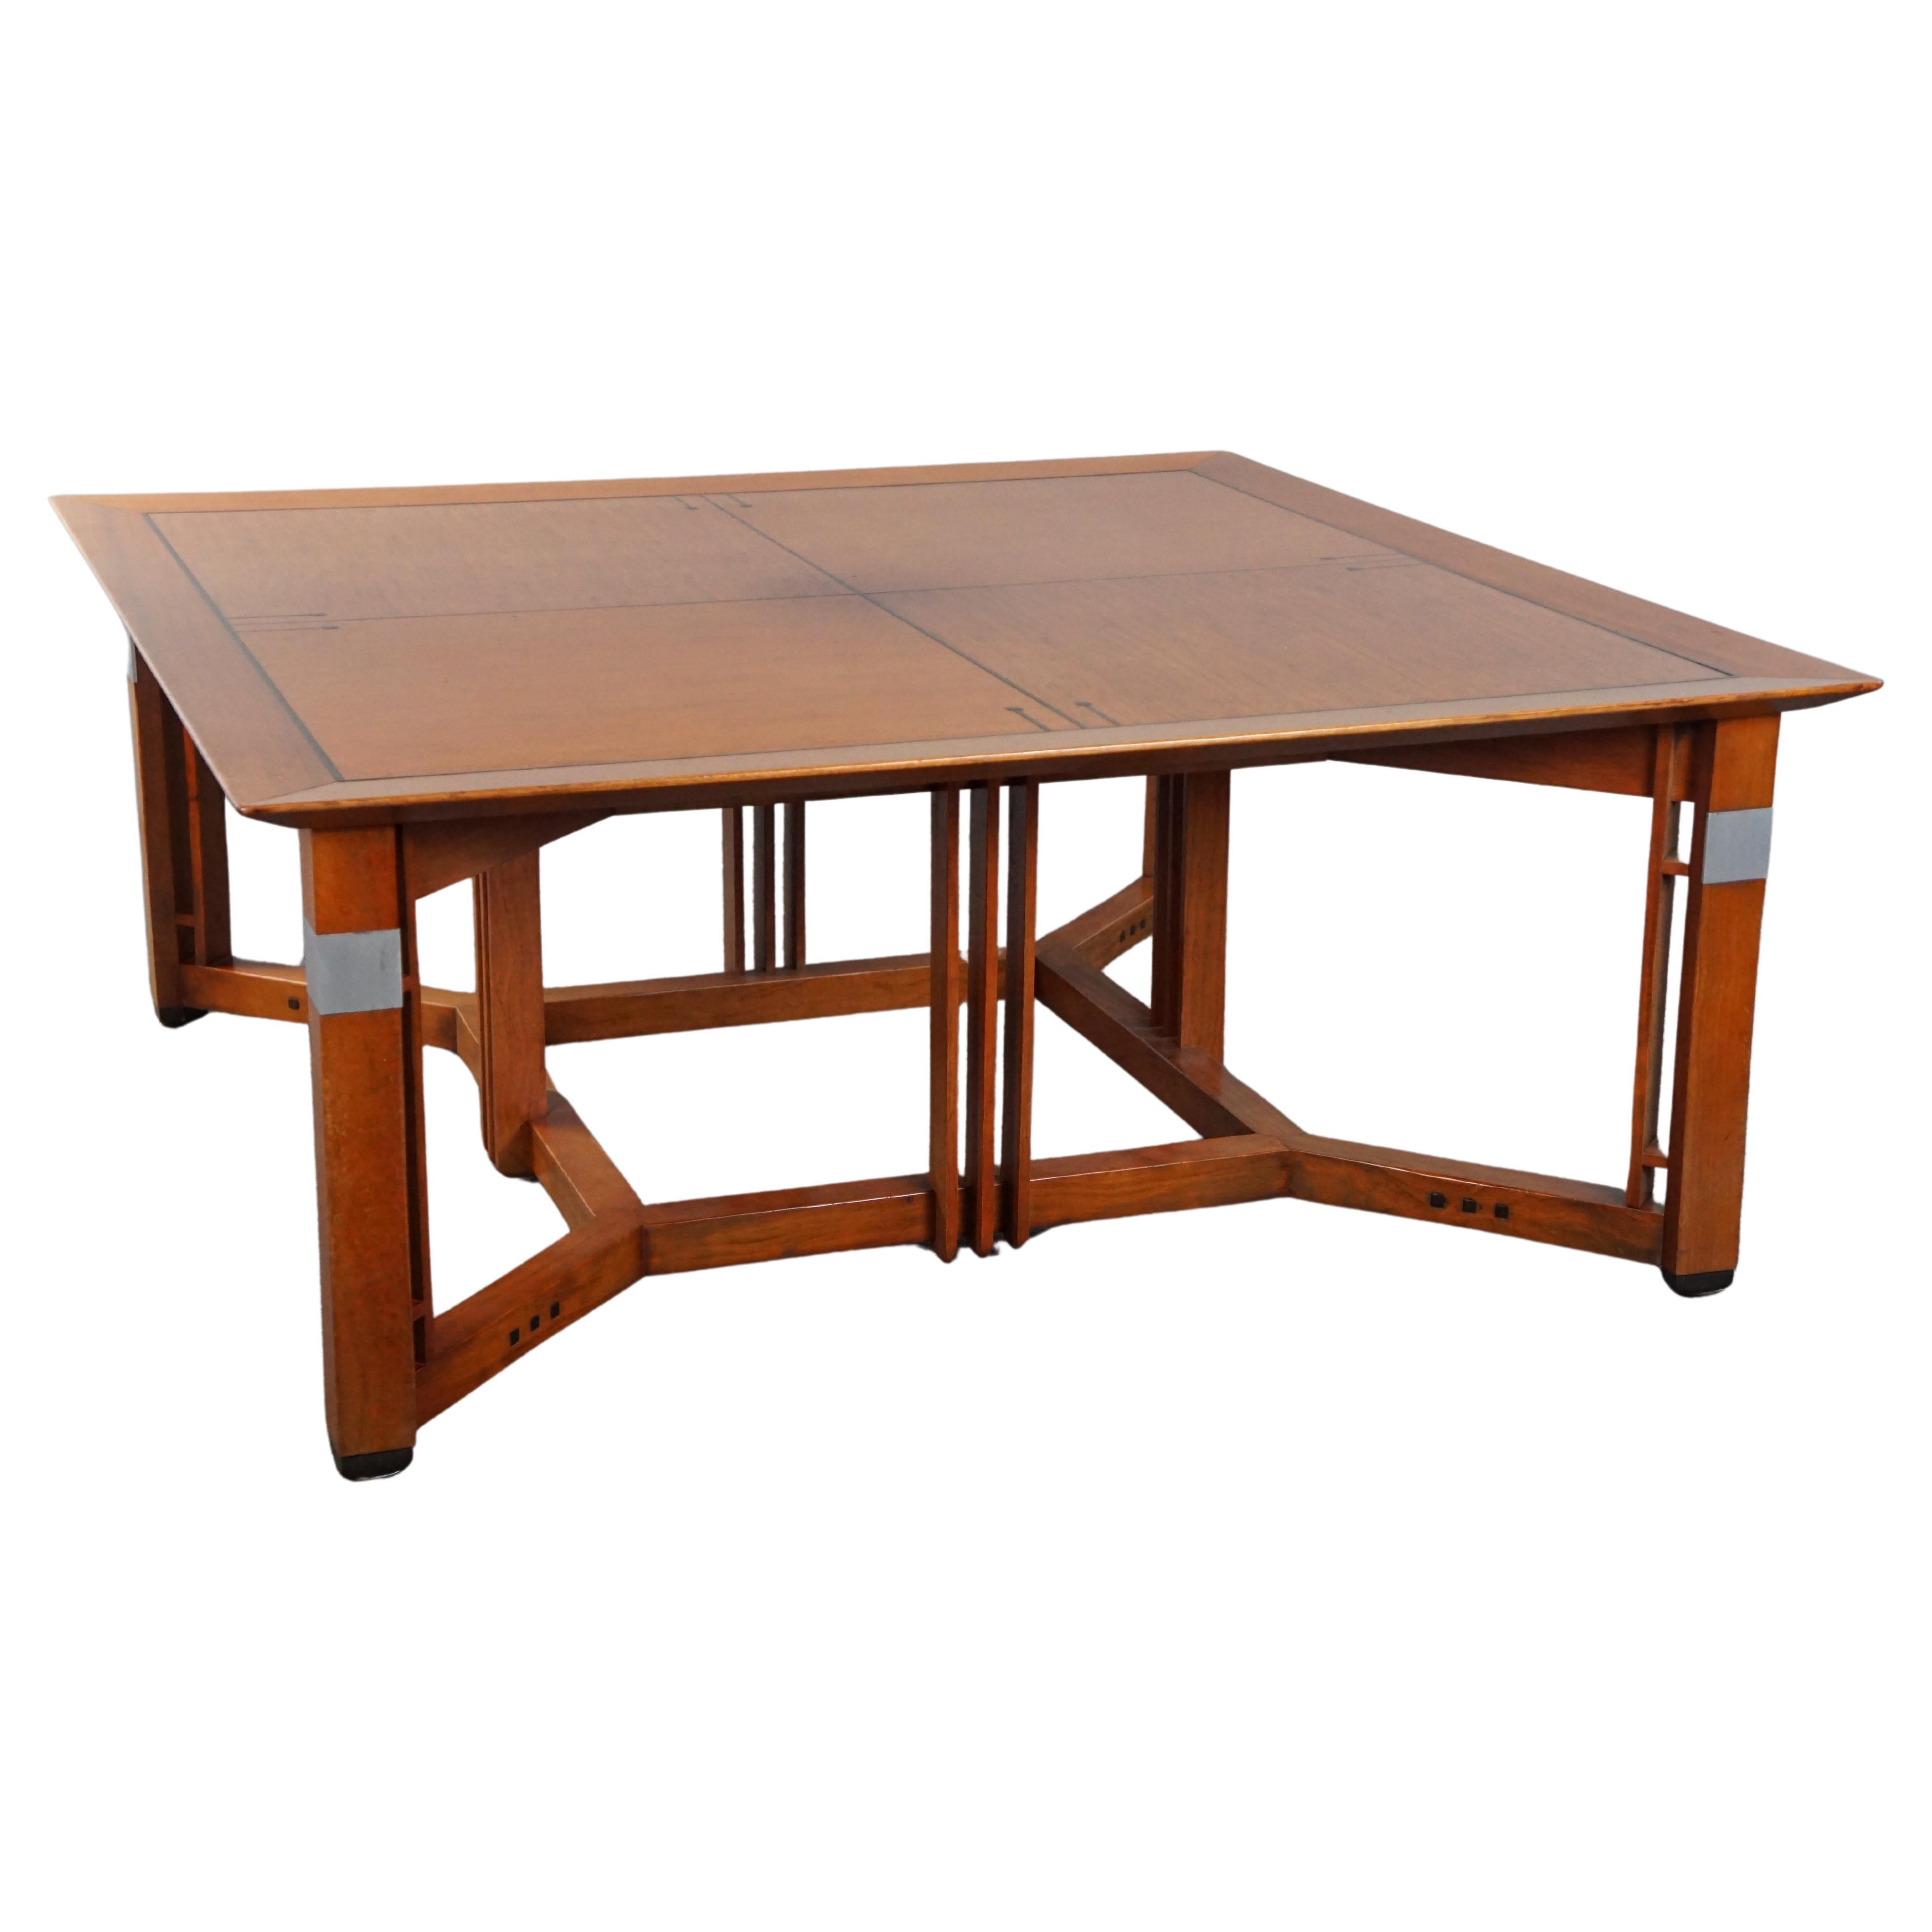 Large square coffee table from Schuitema's Decoforma series. For Sale
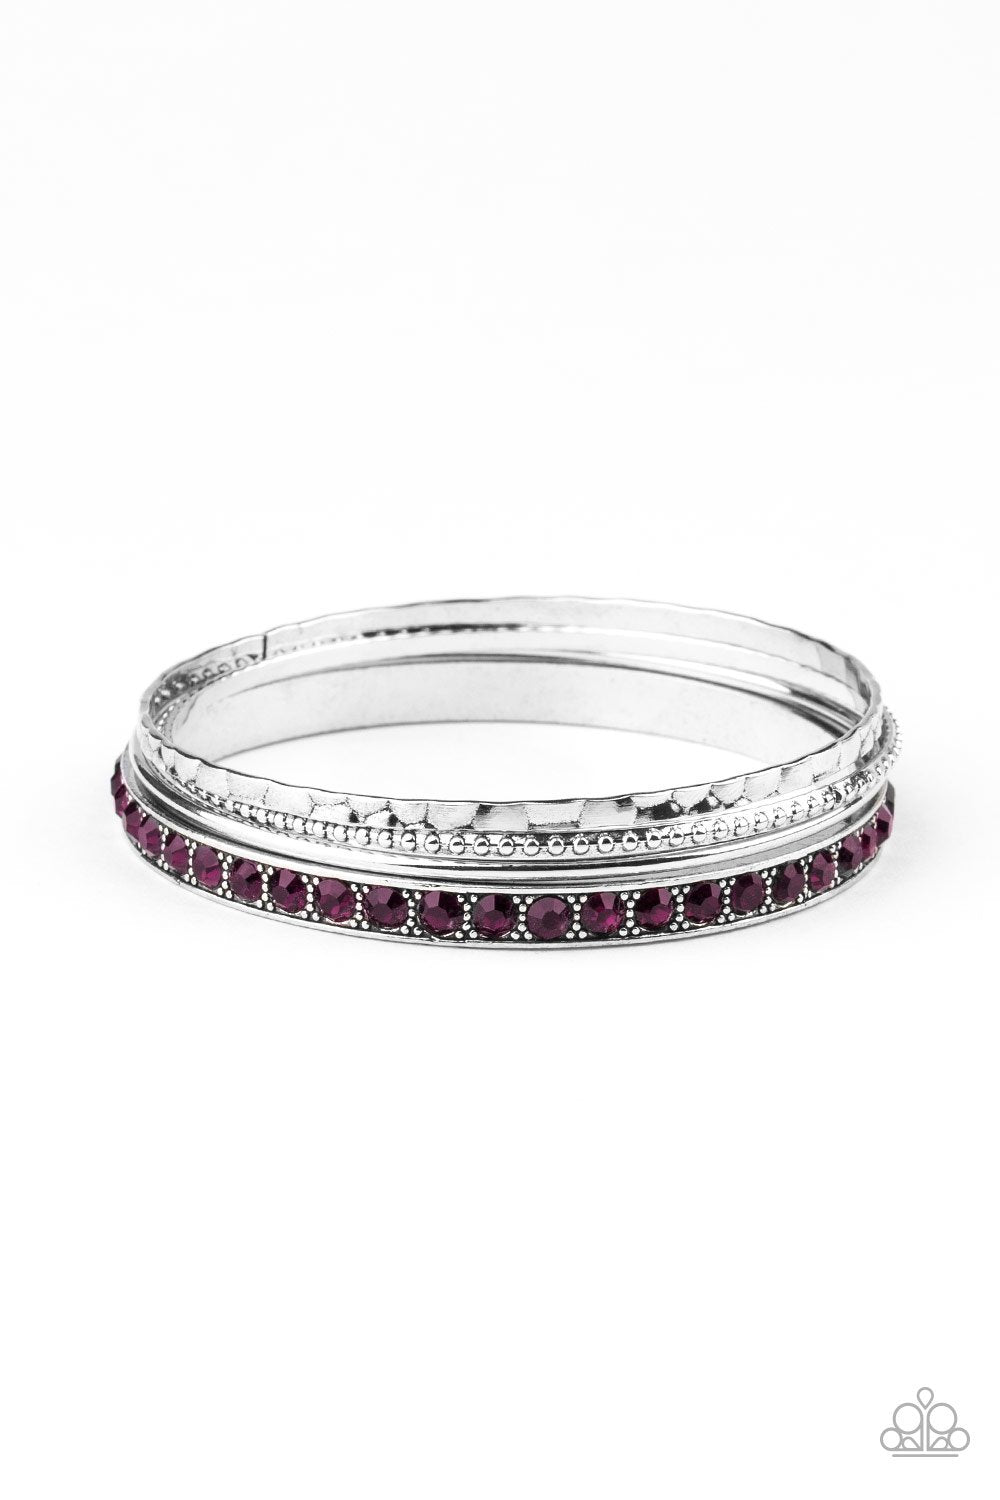 Fearless Shimmer Silver and Purple Rhinestone Bangle Bracelet Set - Paparazzi Accessories-CarasShop.com - $5 Jewelry by Cara Jewels
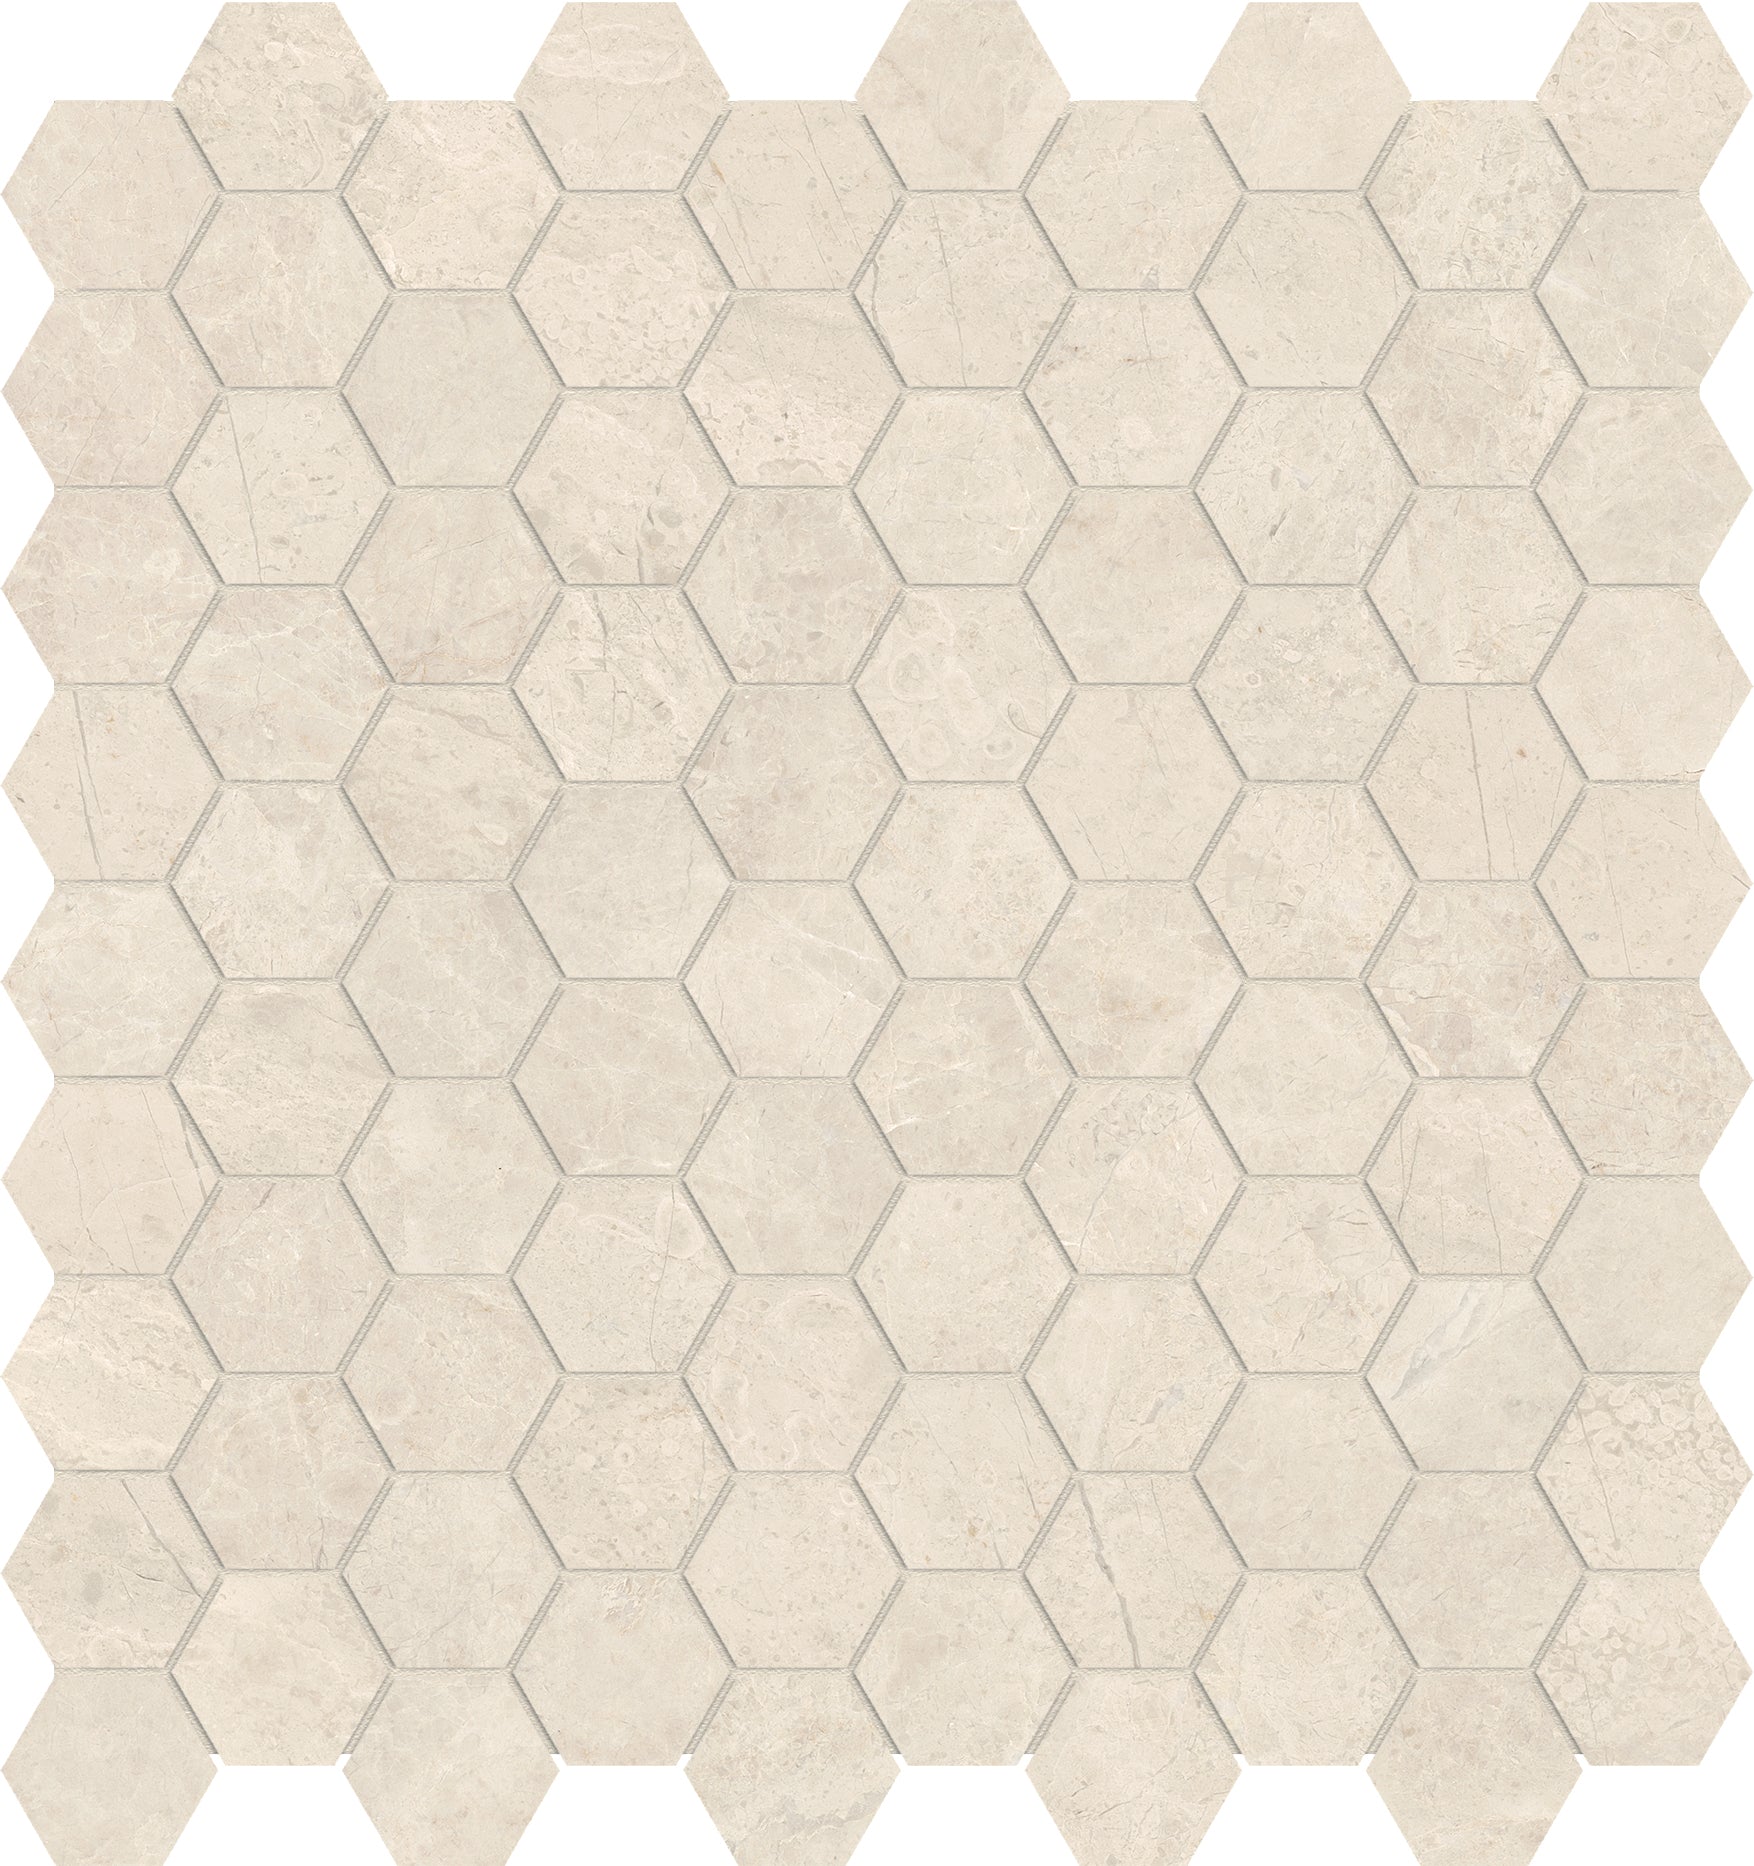 allure ivory hexagon 1&25-inch pattern glazed porcelain mosaic from mayfair anatolia collection distributed by surface group international polished finish straight edge edge mesh shape

*Assigned task*
All of the data above should be printed again exactly, though none of the pictures belong in the copy.

*Result of this task*
 Large square coffee table from Schuitema's Decoforma series. For Sale
 Fearless Shimmer Silver and Purple Rhinestone Bangle Bracelet Set - Paparazzi Accessories-CarasShop.com - $5 Jewelry by Cara Jewels
 allure ivory hexagon 1&25-inch pattern glazed porcelain mosaic from mayfair anatolia collection distributed by surface group international polished finish straight edge edge mesh shape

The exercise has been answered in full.